SOURCE INFORMATION

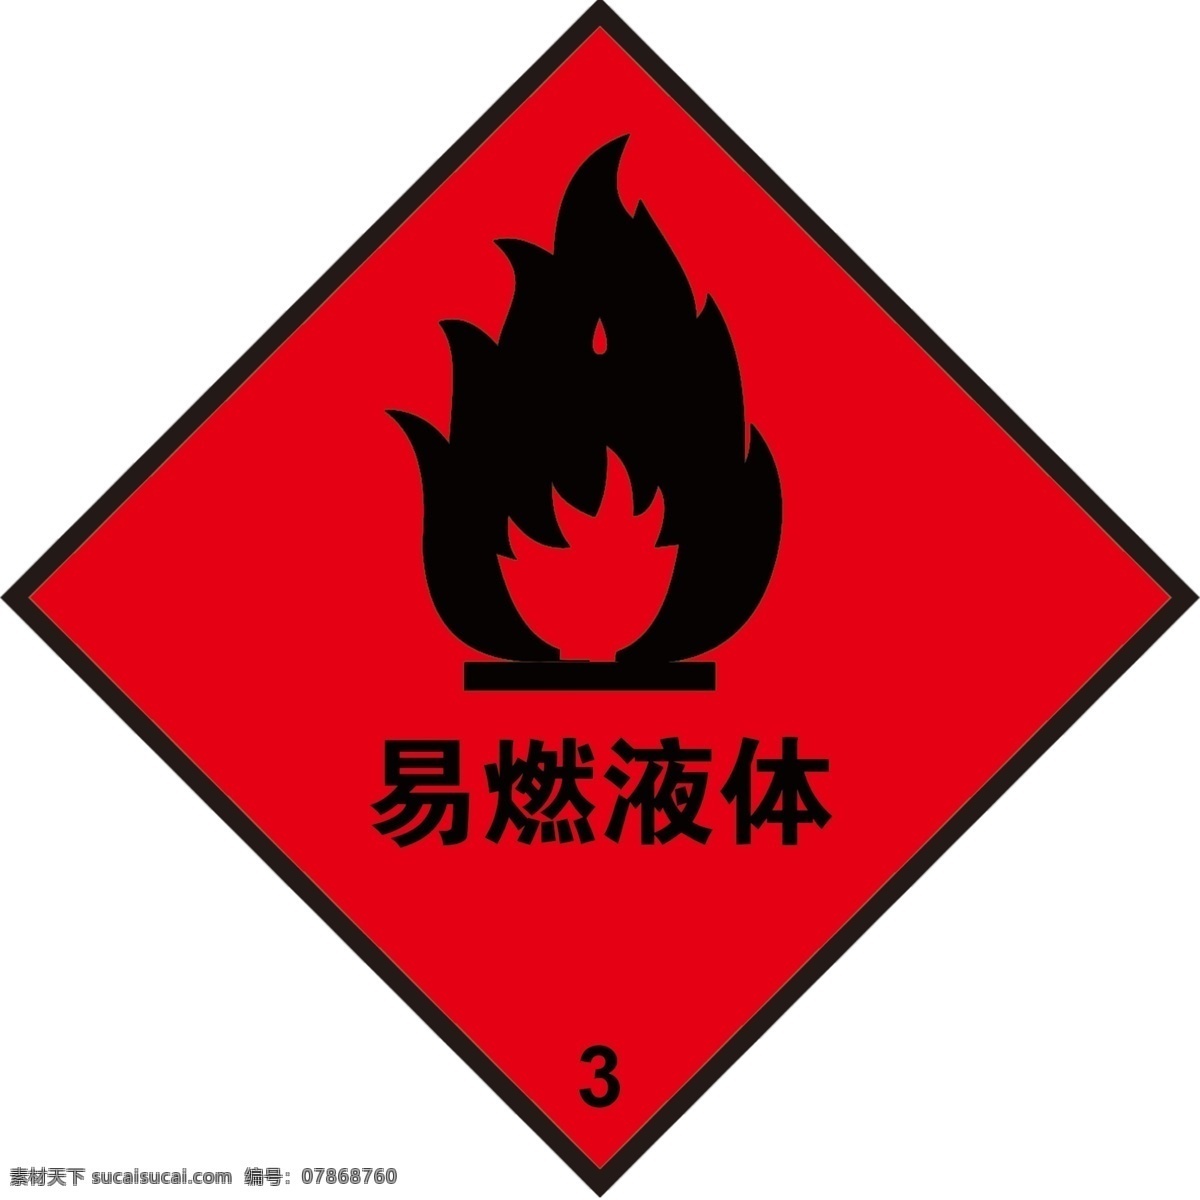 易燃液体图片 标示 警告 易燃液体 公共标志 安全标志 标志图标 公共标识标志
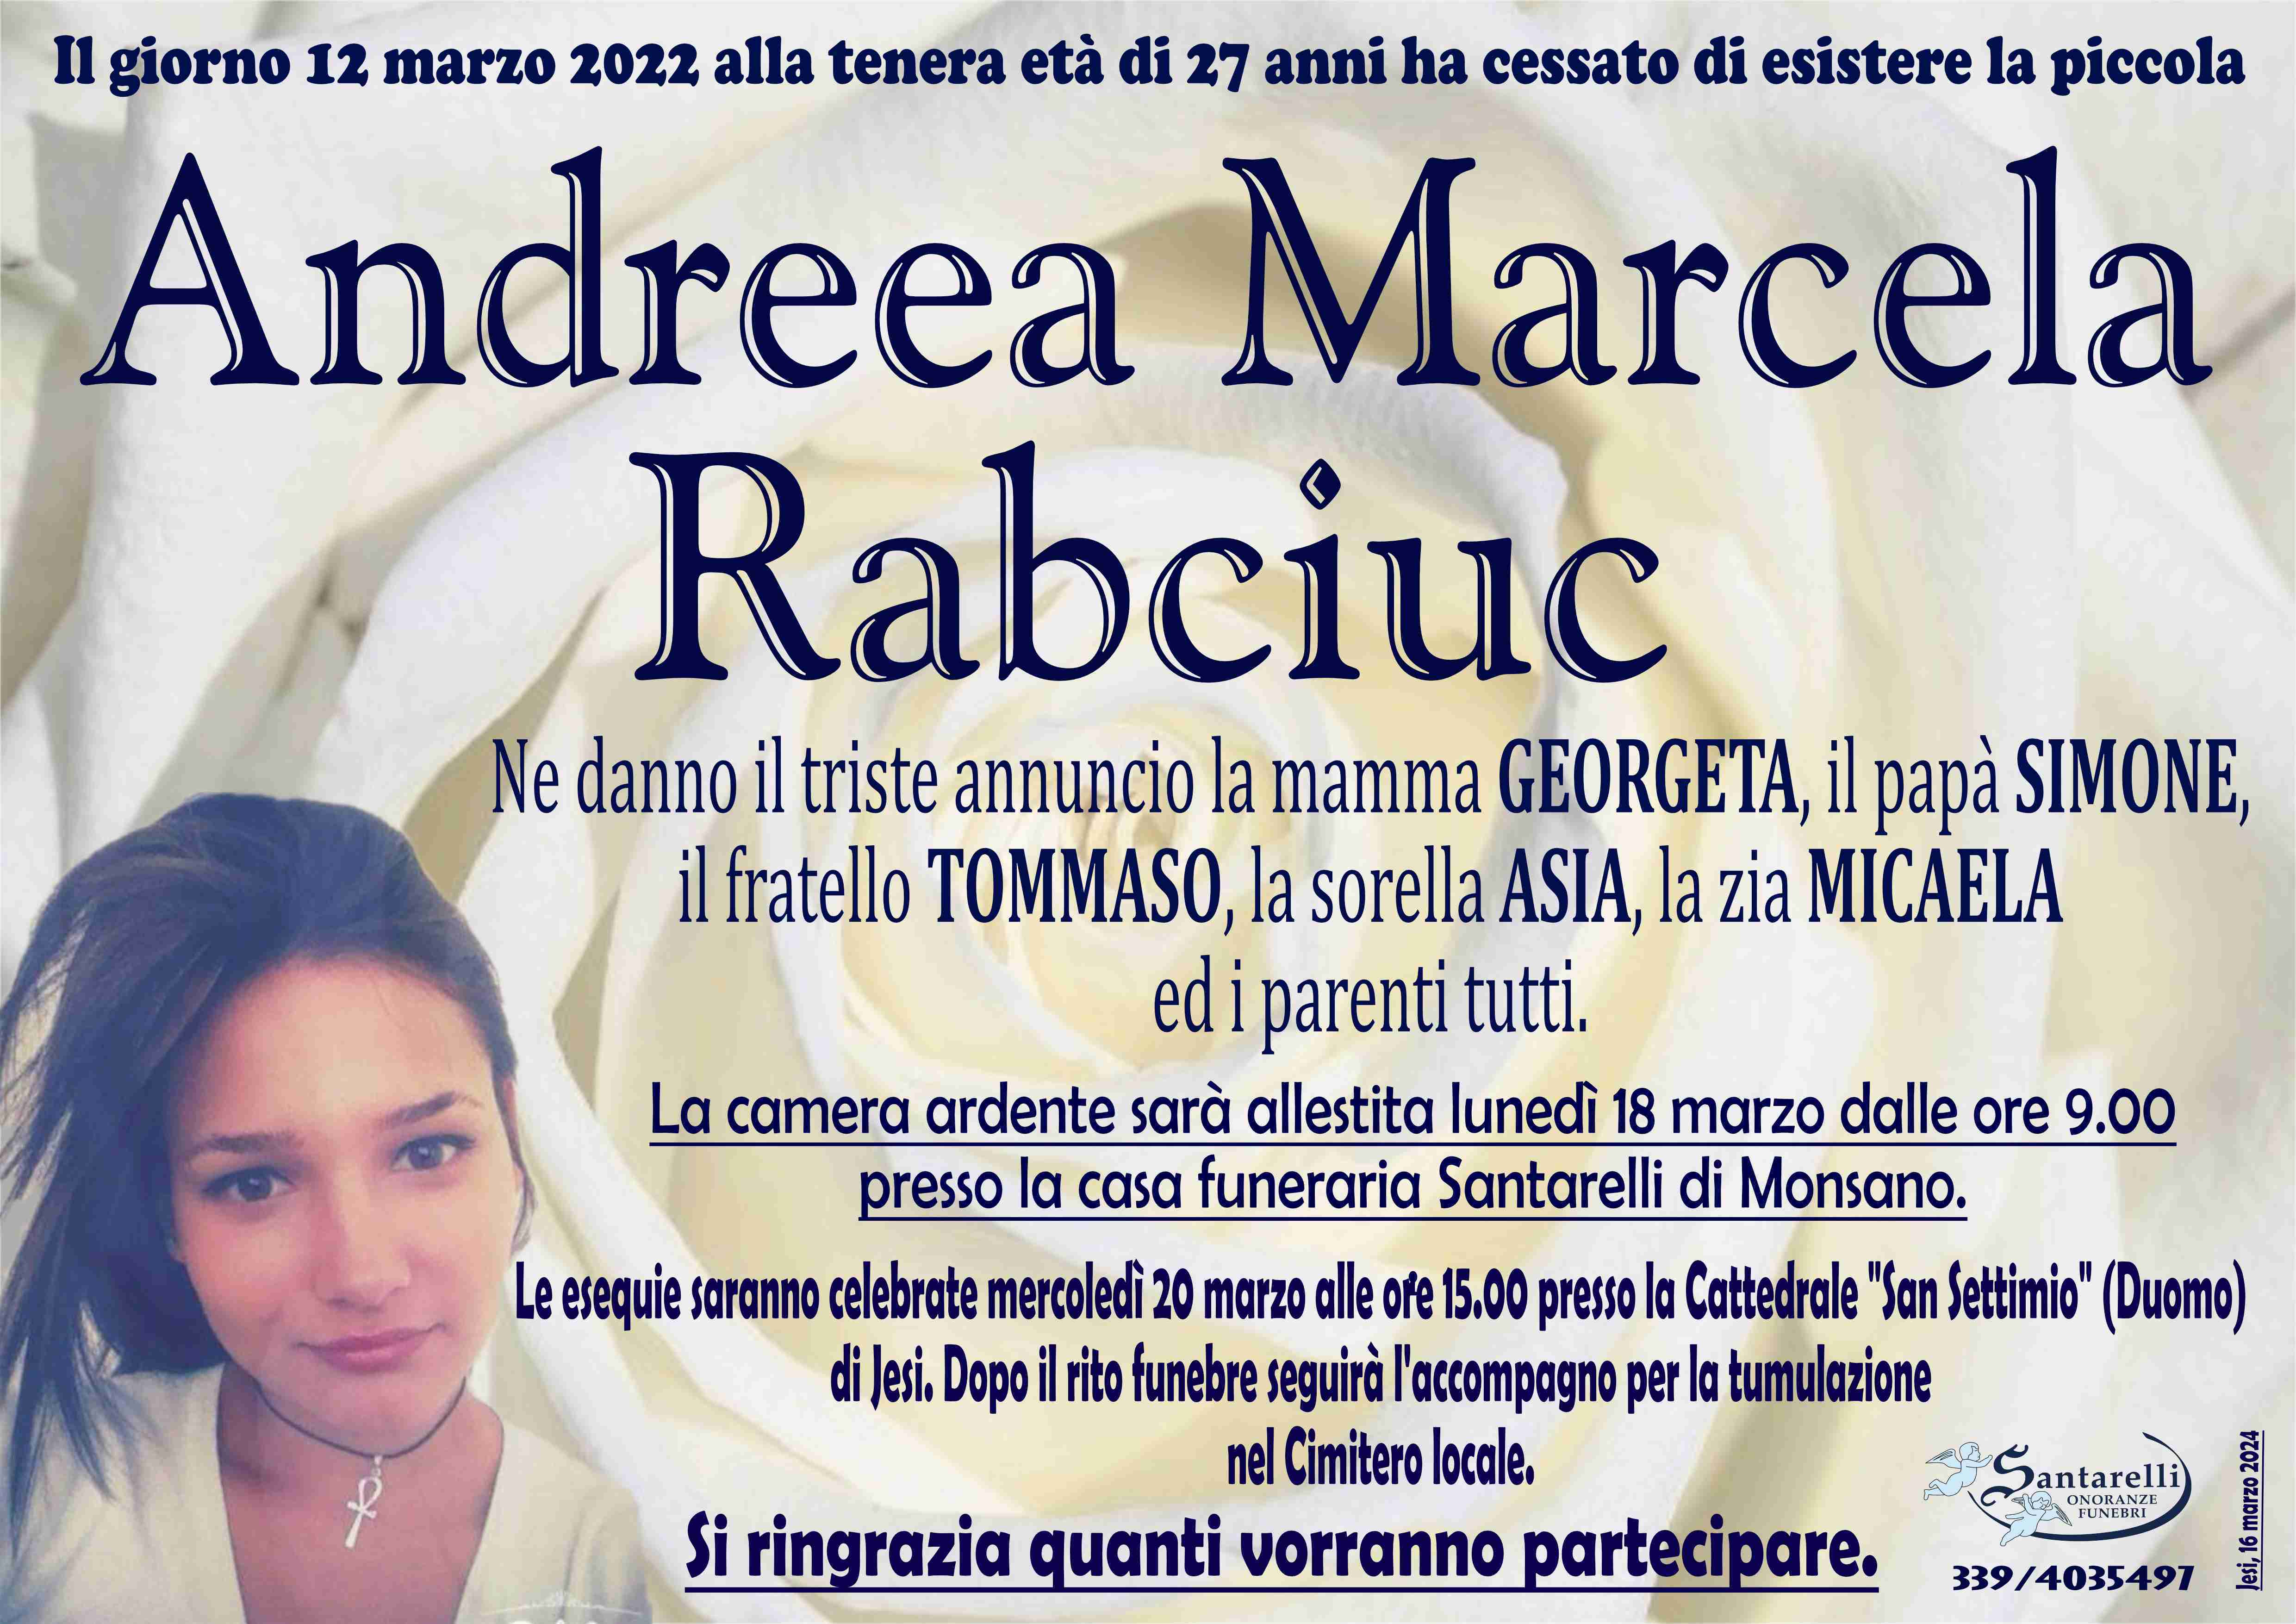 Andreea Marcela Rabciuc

* * *

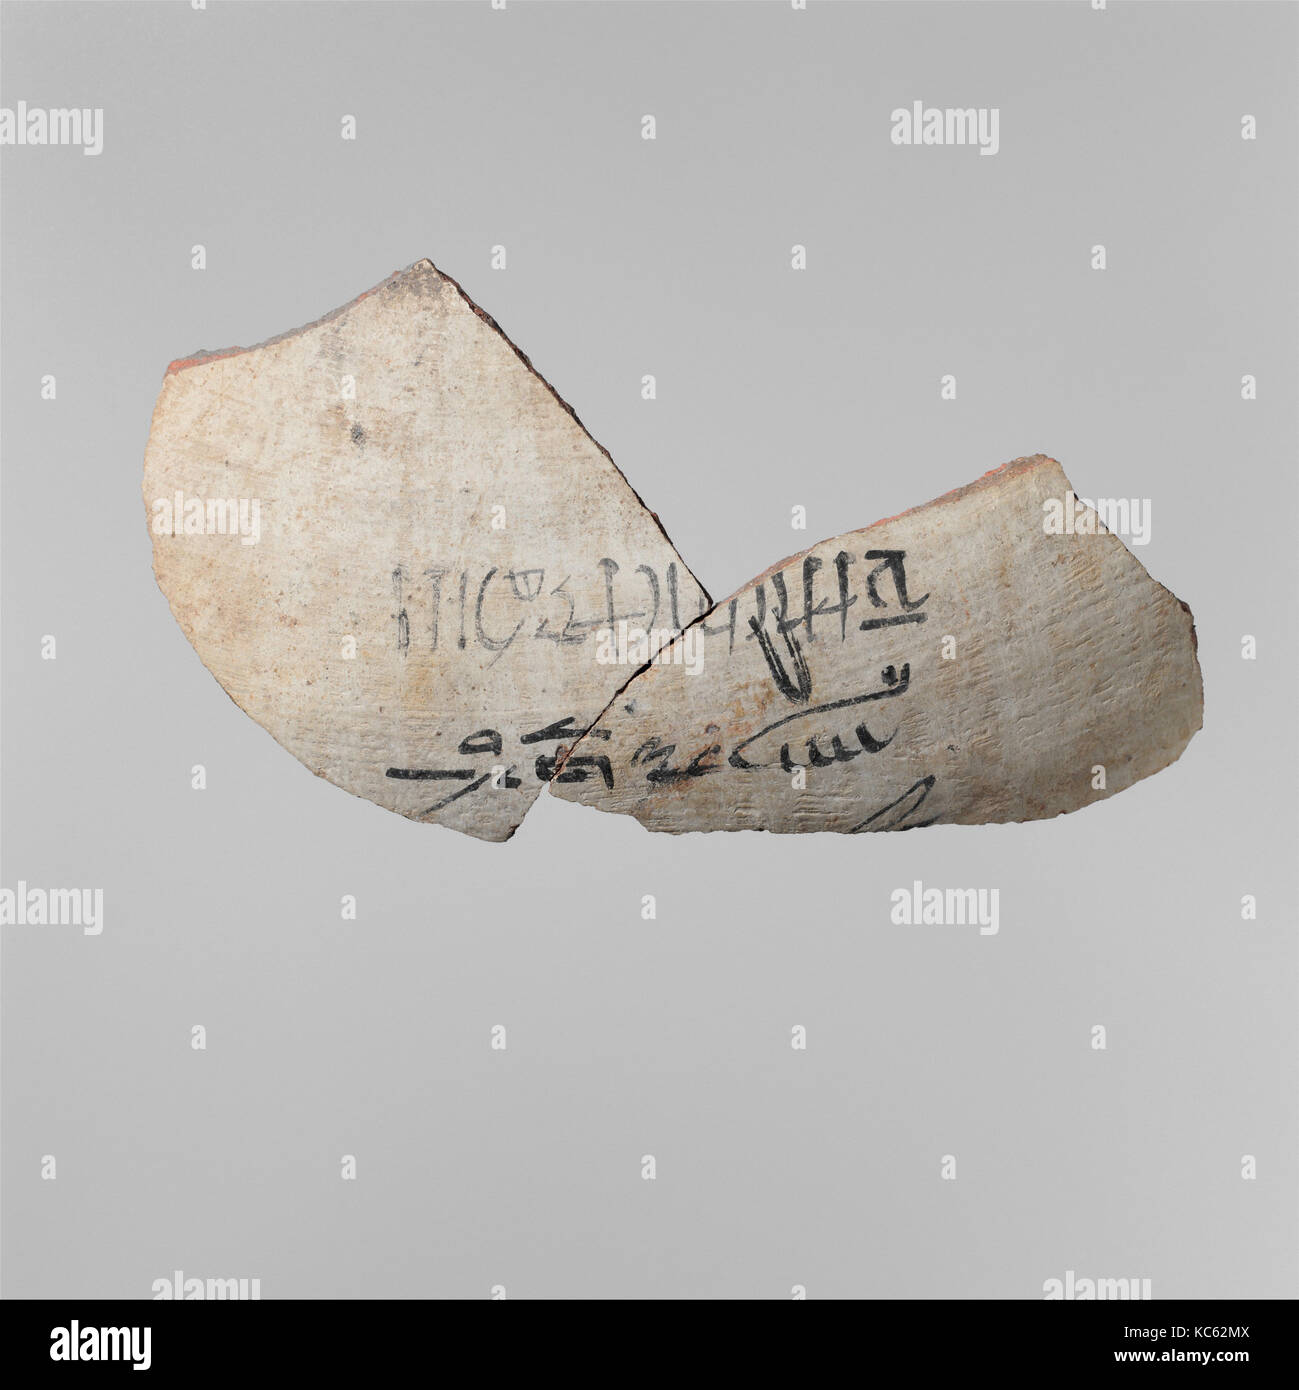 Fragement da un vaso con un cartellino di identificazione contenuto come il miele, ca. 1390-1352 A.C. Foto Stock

PROBLEM DESCRIPTION
Look above for the line with "易燃液体图片 标示 警告 易燃液体 公共标志 安全标志 标志图标 公共标识标志" and copy exactly from it through the line with "Andreea Marcela Rabciuc", both included. Omit the pictures.

OUTPUT FOR THIS TASK
 易燃液体图片 标示 警告 易燃液体 公共标志 安全标志 标志图标 公共标识标志
 Andreea Marcela Rabciuc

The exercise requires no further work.